──────── SUPPLIED INFORMATION ────────

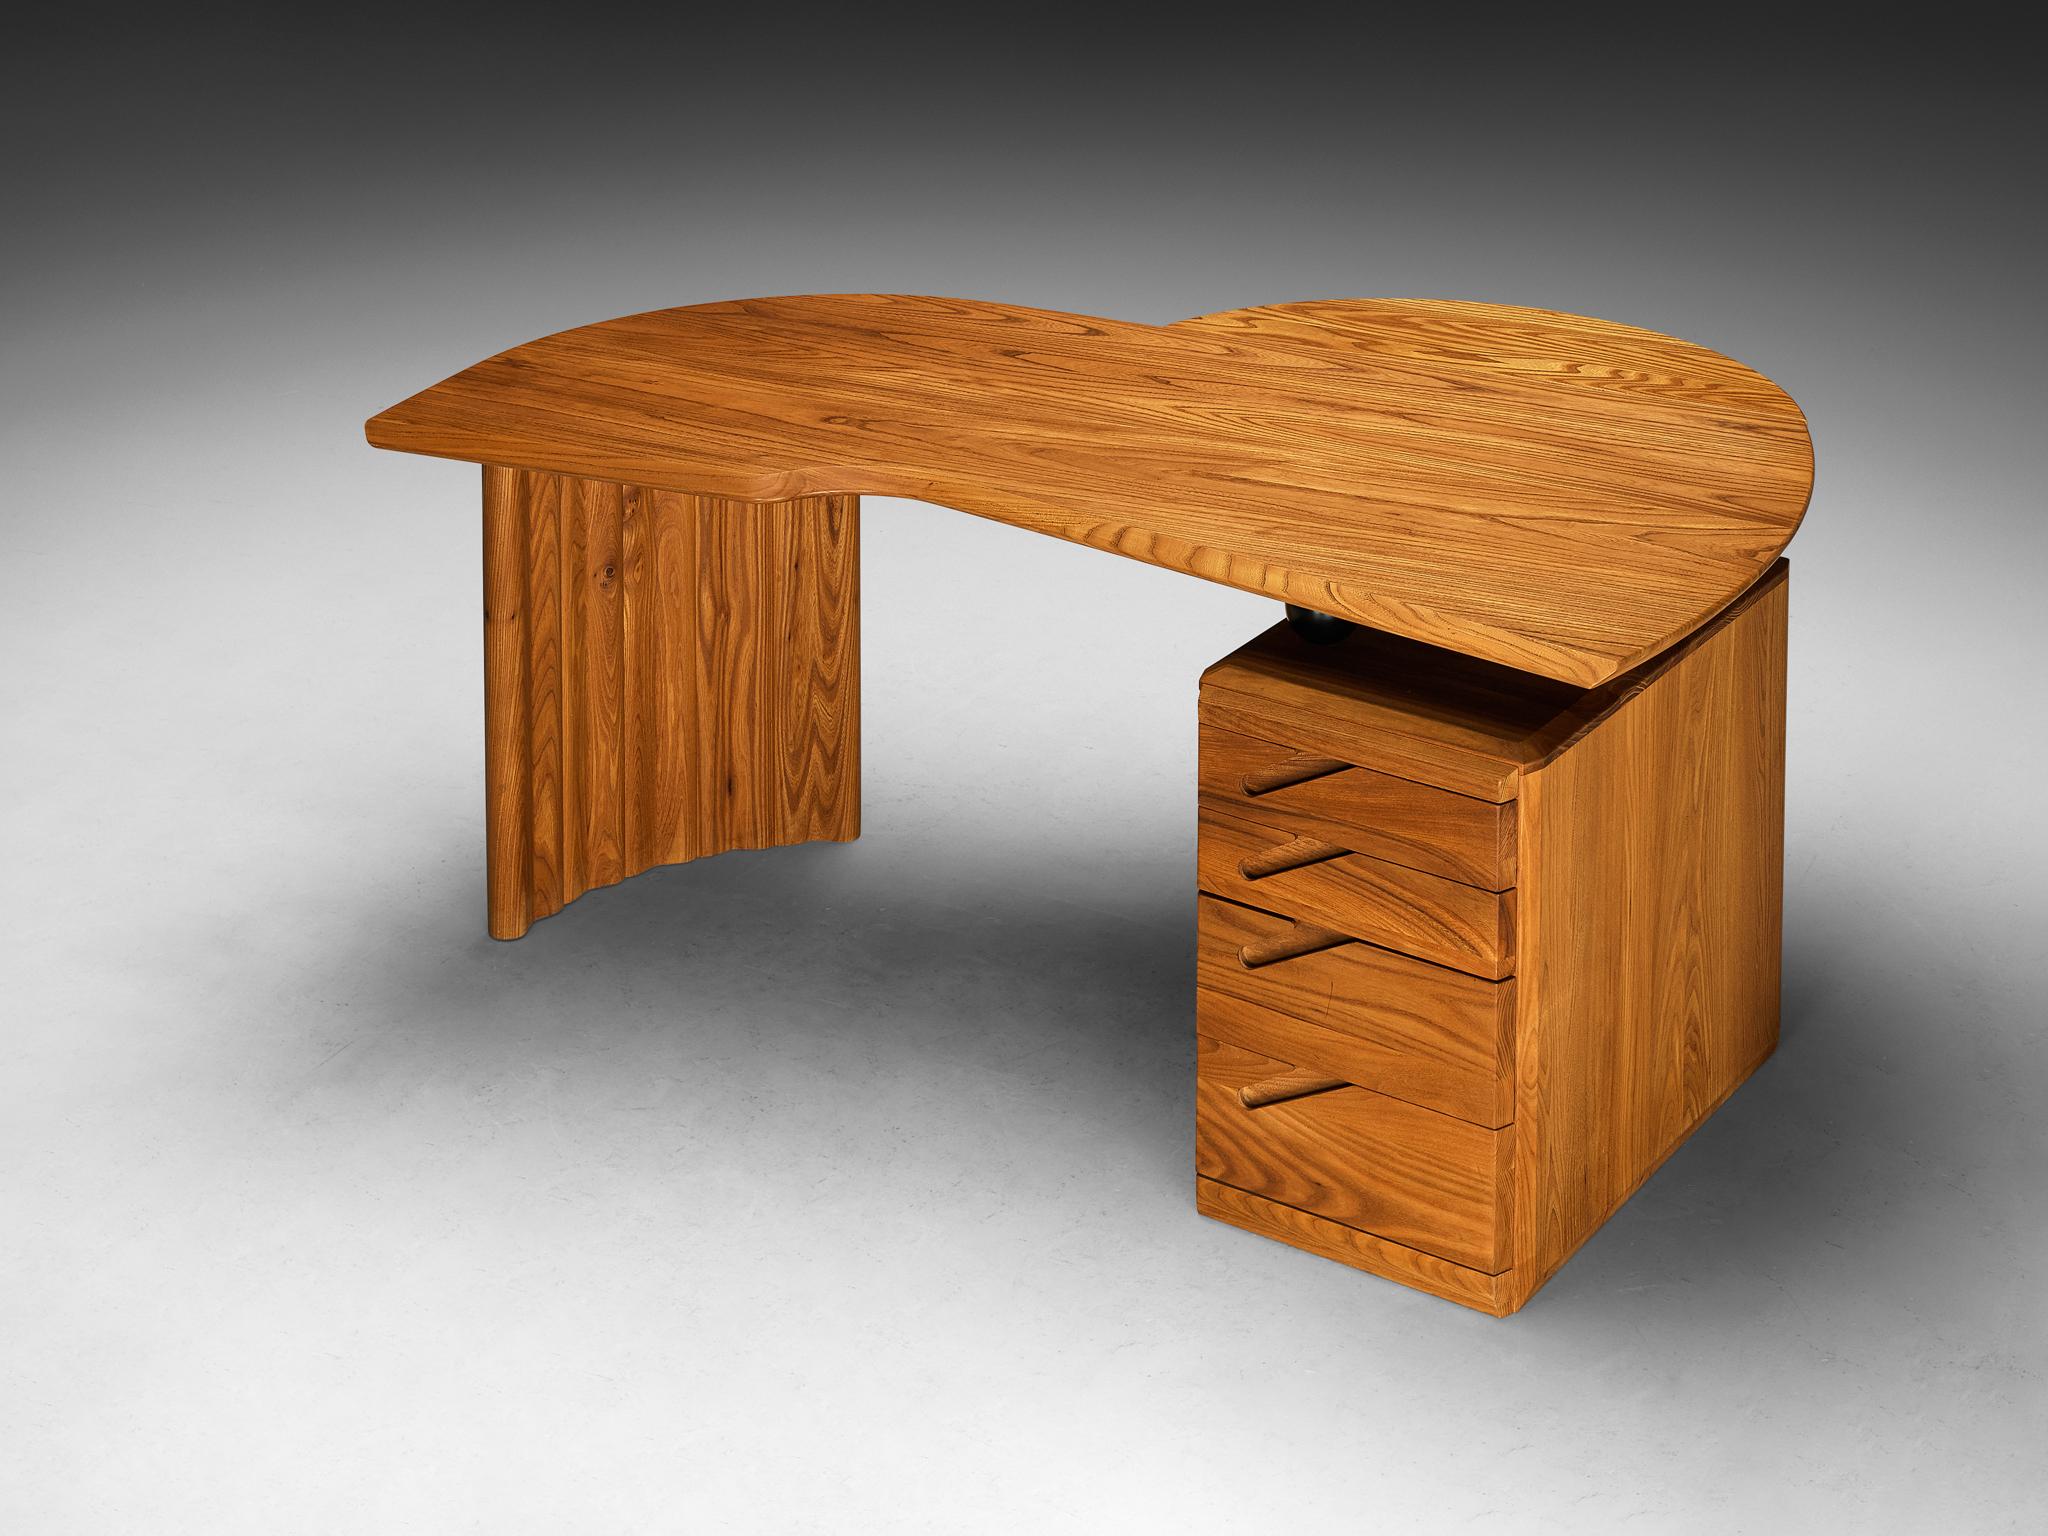 Ebénisterie Seltz, writing desk, solid elm, France, 1980s

Situated in a small French region Alsace, Ebénisterie Seltz gained prominence as a workshop recognized for crafting, among others, Pierre Chapo's designs in the 1970s and 1980s.
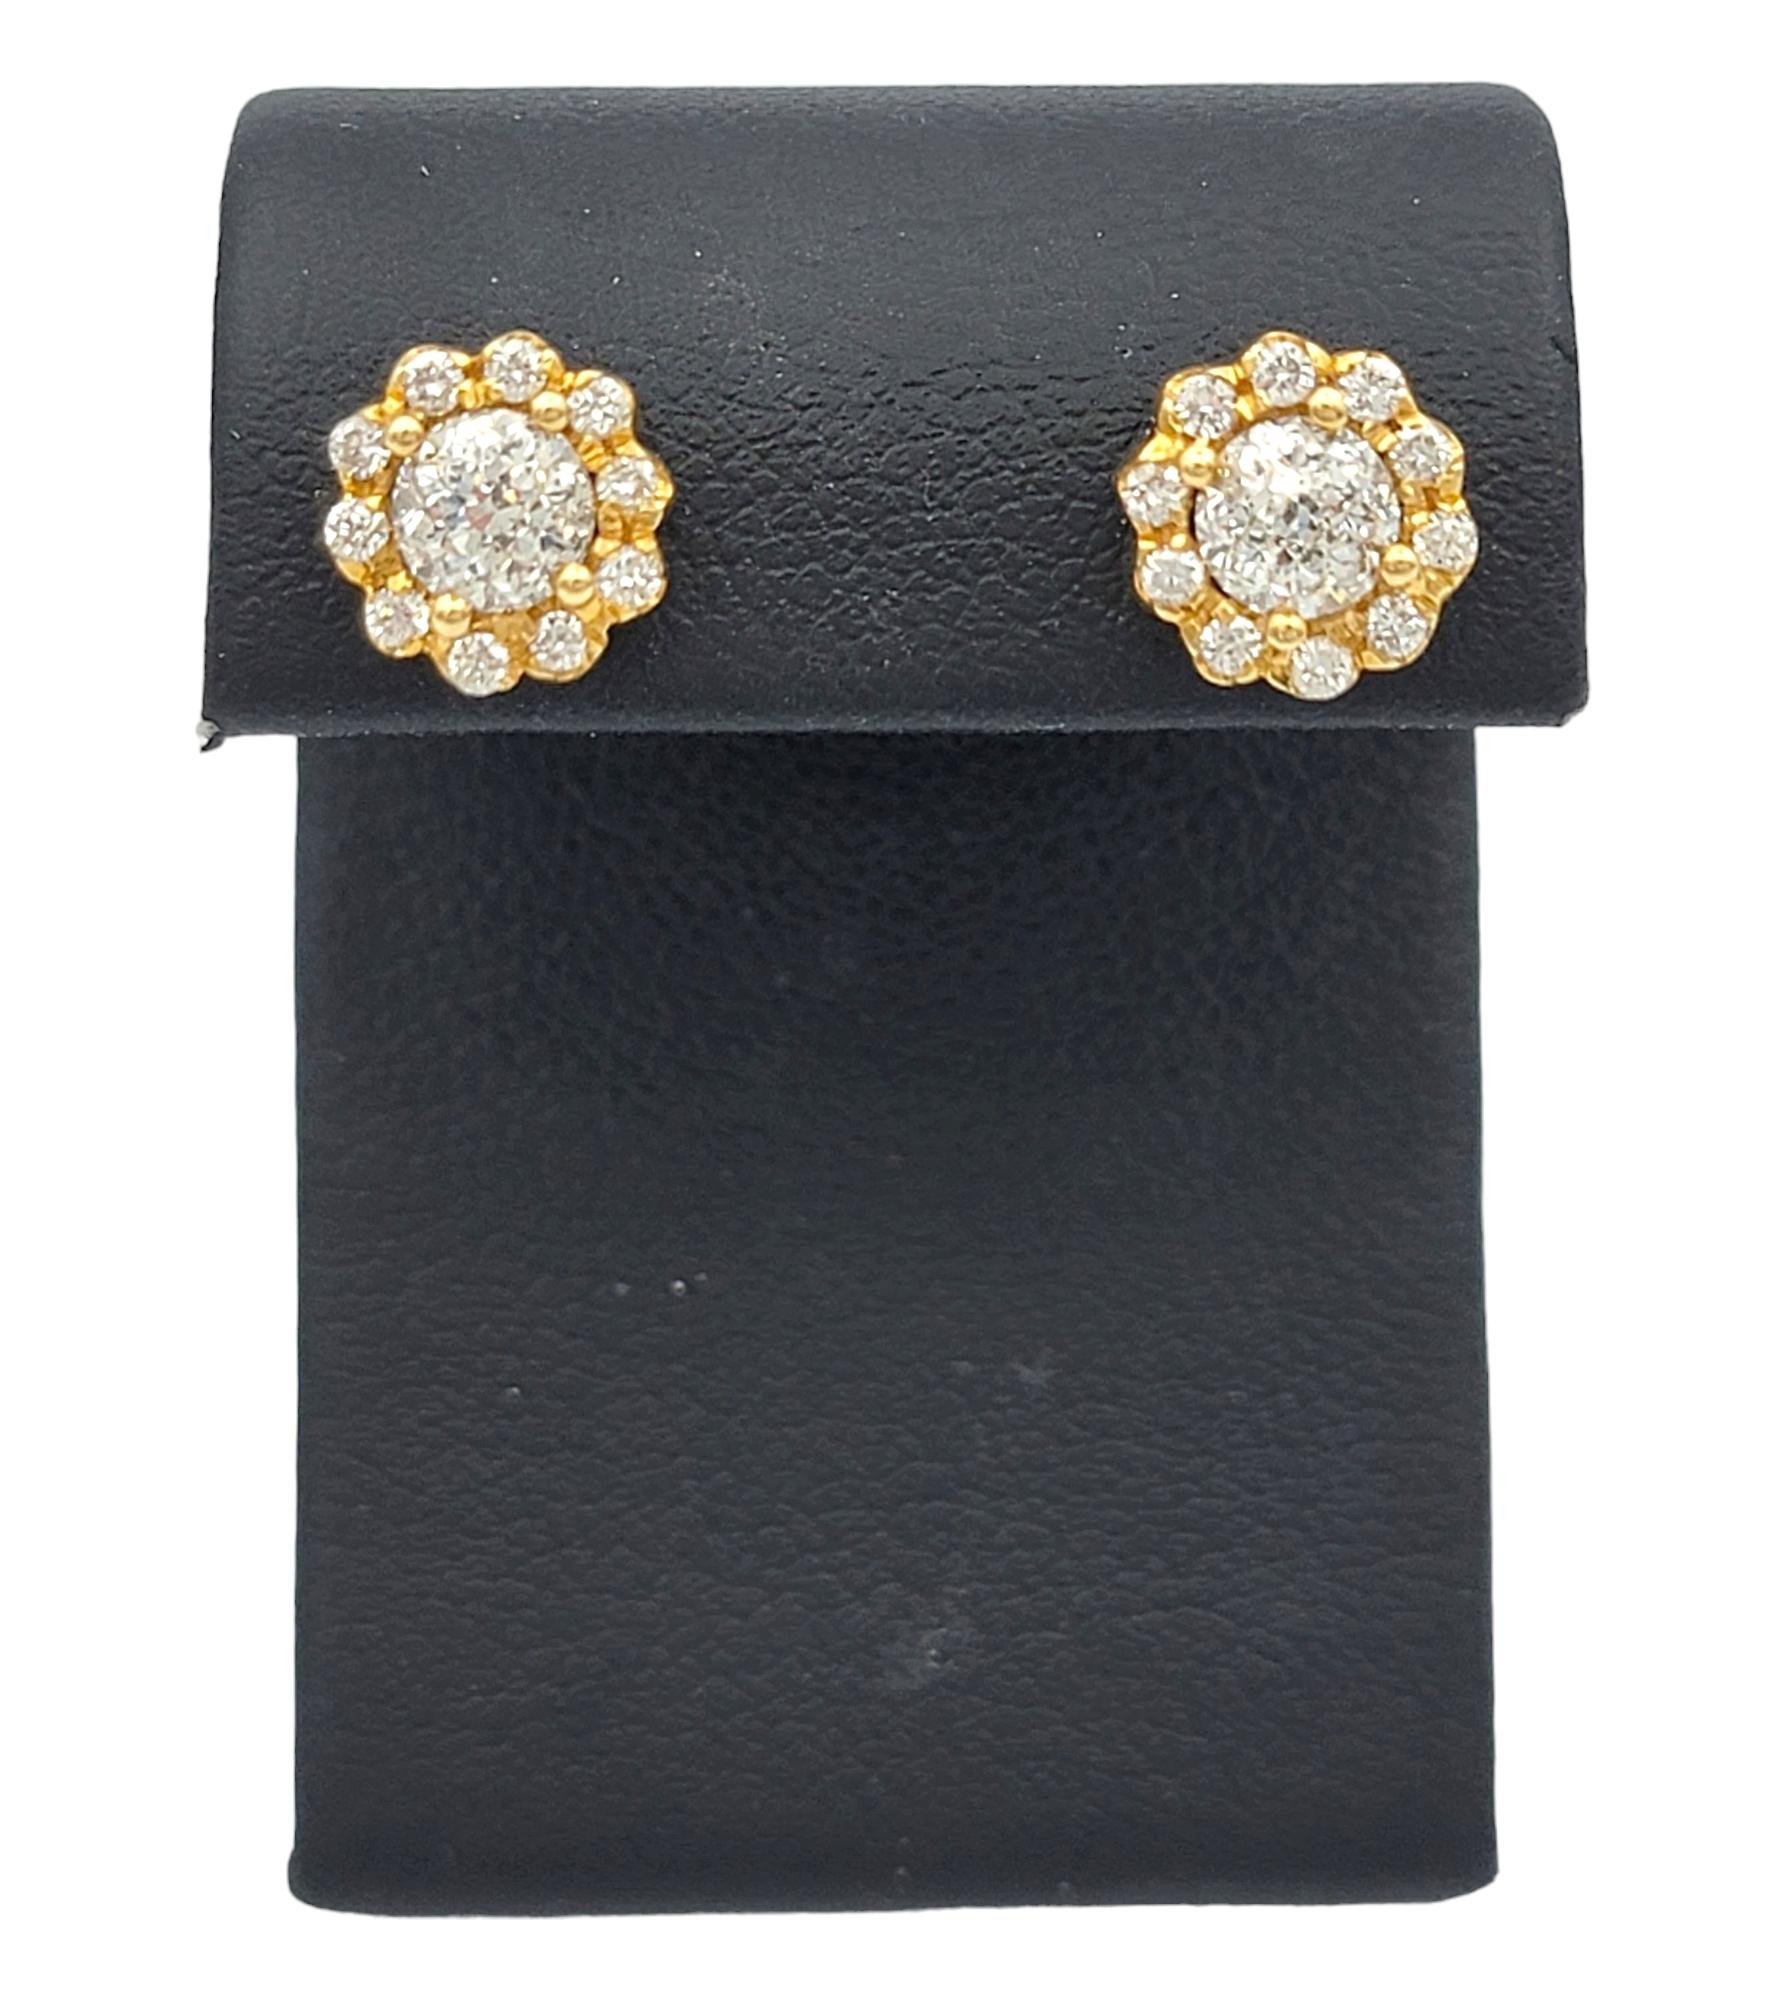 Round Cut Crown of Light Diamond Stud Earrings with Halo Flower Motif in 18 Karat Gold For Sale
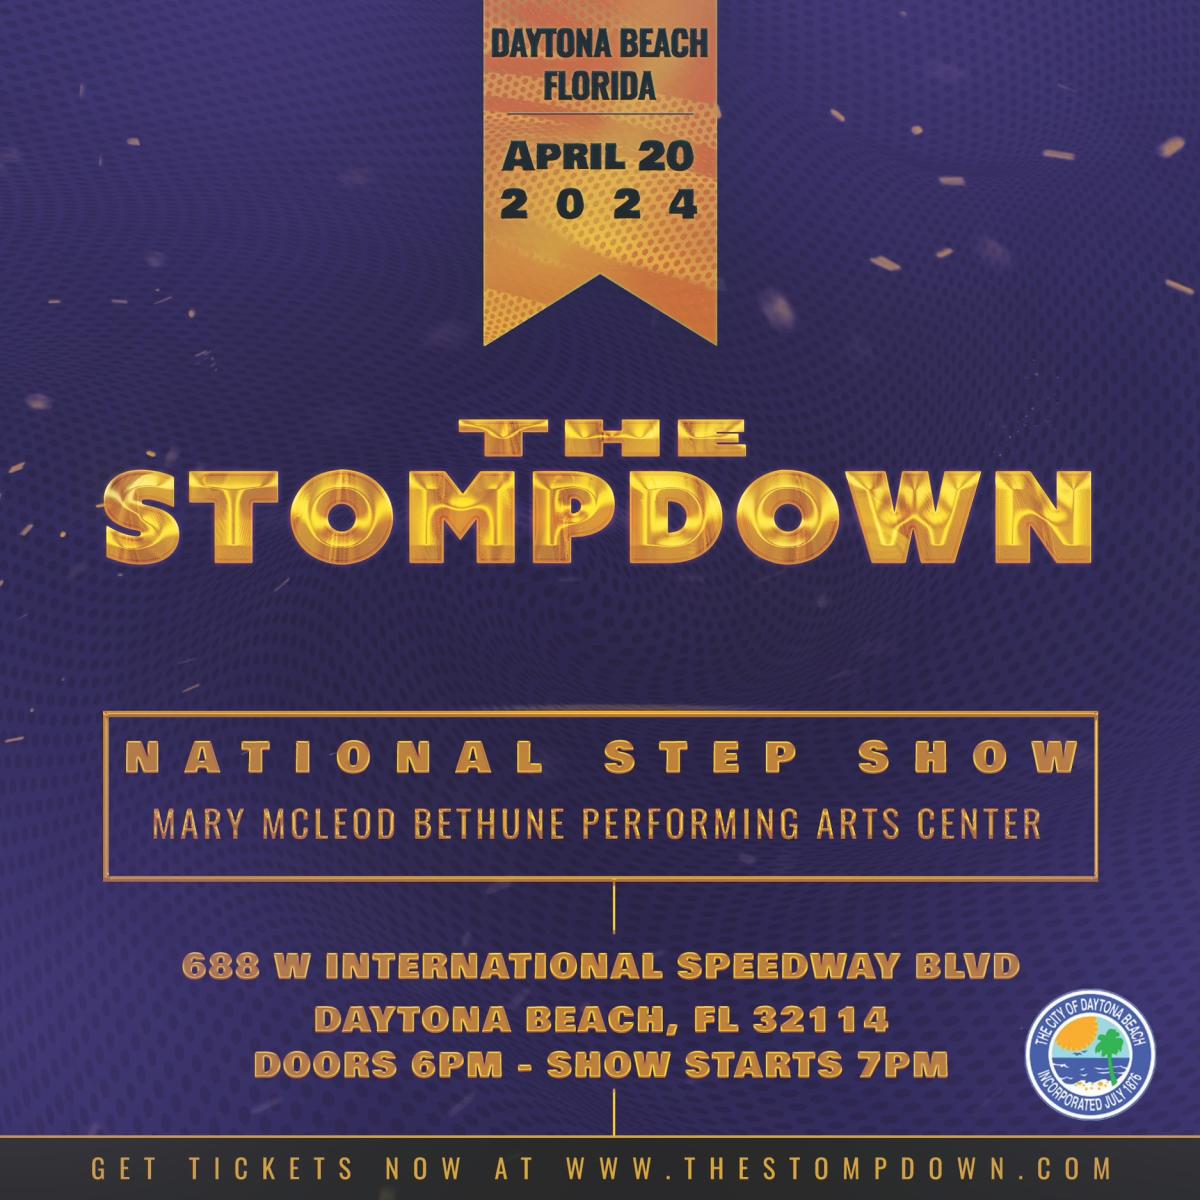 On April 20, enjoy an electrifying evening of music and dance at The Stompdown, a national step show comprised of the nation’s elite step teams. Mary McLeod Bethune Performing Arts Center, Daytona Beach. 7 pm. Details: bit.ly/4alk3kx #LoveDaytonaBeach🏖️ #LoveFL☀️

────────

## WORK TO BE COMPLETED
All lines above must be repeated exactly, and the pictures must be omitted.

## EXPECTED ANSWER
 Ebénisterie Seltz, writing desk, solid elm, France, 1980s

Situated in a small French region Alsace, Ebénisterie Seltz gained prominence as a workshop recognized for crafting, among others, Pierre Chapo's designs in the 1970s and 1980s.
 Round Cut Crown of Light Diamond Stud Earrings with Halo Flower Motif in 18 Karat Gold For Sale
 On April 20, enjoy an electrifying evening of music and dance at The Stompdown, a national step show comprised of the nation’s elite step teams. Mary McLeod Bethune Performing Arts Center, Daytona Beach. 7 pm. Details: bit.ly/4alk3kx #LoveDaytonaBeach🏖️ #LoveFL☀️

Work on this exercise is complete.